Kelly Ng,Singapura,
Riana Ibrahim,BBC Indonesia, JakartaDan
Raja Eben Lumbanrau,BBC Indonesia, Jakarta
AFP melalui Getty PicturesSelama berminggu-minggu, warga yang marah dan tertekan di provinsi paling barat Indonesia ini telah mengibarkan bendera putih atas lambatnya respons negara terhadap serangkaian banjir mematikan.
Dipicu oleh topan yang jarang terjadi pada bulan November, banjir tersebut menewaskan lebih dari 1.000 orang dan membuat ratusan ribu orang mengungsi di seluruh pulau Sumatera. Di Aceh, provinsi yang paling parah dilanda bencana dan menyumbang hampir separuh jumlah kematian, masih banyak warga yang belum mempunyai akses terhadap air bersih, makanan, listrik, dan pasokan medis.
Sebagai tanda betapa frustrasinya penanganan krisis ini, Gubernur Aceh Utara menyampaikan pernyataannya secara terbuka pada awal bulan ini.
“Apakah pemerintah pusat tidak tahu [what we’re experiencing]? Saya tidak mengerti,” kata Ismail A Jalil sambil menangis di depan kamera.
Namun Presiden Prabowo Subianto menolak bantuan asing, dan bersikeras bahwa situasinya “terkendali”. “Indonesia mampu mengatasi bencana ini,” katanya kepada kabinetnya pekan lalu. Prabowo juga sejauh ini mengabaikan seruan untuk menyatakan bencana tersebut sebagai bencana nasional, yang akan membuka dana darurat dan menyederhanakan upaya bantuan.
Pemerintahan Prabowo semakin dikritik sebagai pemerintahan yang reaktif, tidak terorganisir, dan tidak berhubungan – kata-kata yang menurut beberapa analis telah mendefinisikan kepresidenannya, yang ia menangkan pada Februari 2024 berkat janji-janji populisnya.
Pada tahun ini, program makanan sekolah free of charge yang bernilai miliaran dolar telah terperosok dalam kontroversi mengenai keracunan makanan massal. Pada bulan Agustus dan September, ribuan masyarakat Indonesia turun ke jalan karena pengangguran dan meningkatnya biaya hidup, yang merupakan protes terbesar yang pernah terjadi di negara ini selama beberapa dekade.
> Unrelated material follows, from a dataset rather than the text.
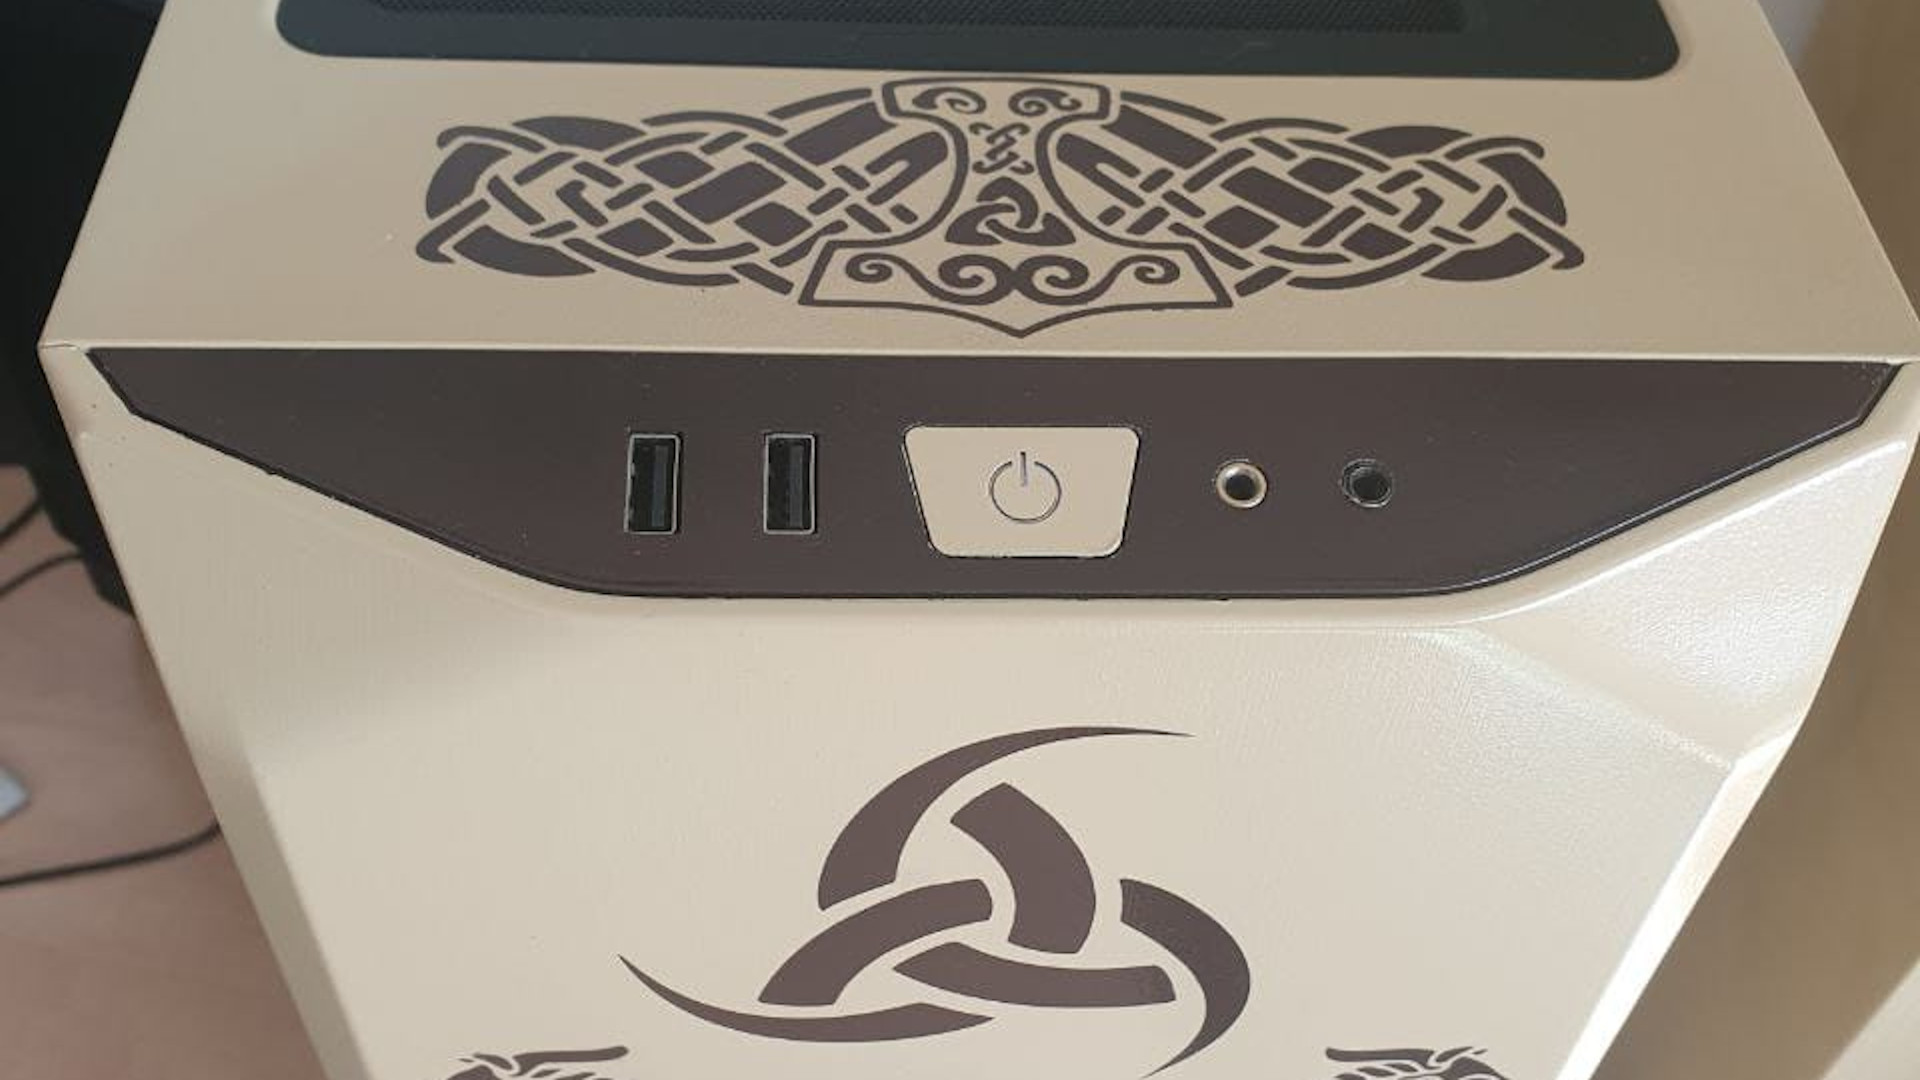 The front panel of the custom PC case which has a viking theme

Dan kini tanggapan pemerintah terhadap banjir yang terjadi pada bulan November telah menjadi tantangan lain bagi pemimpin tersebut, meskipun tingkat dukungan terhadap dirinya tetap stabil di kisaran 78%.
AFP melalui Getty PicturesPanggilan putus asa untuk meminta bantuan
Kamis lalu, puluhan pengunjuk rasa berunjuk rasa di ibu kota Aceh, Banda Aceh, mengibarkan bendera putih dan menuntut pemerintah pusat membuka pintu bantuan asing.
Berdiri di antara kerumunan adalah seorang gadis kecil yang memegang selembar kertas yang bertuliskan: “Saya baru berusia tiga tahun, saya ingin tumbuh di dunia yang aman dan berkelanjutan.”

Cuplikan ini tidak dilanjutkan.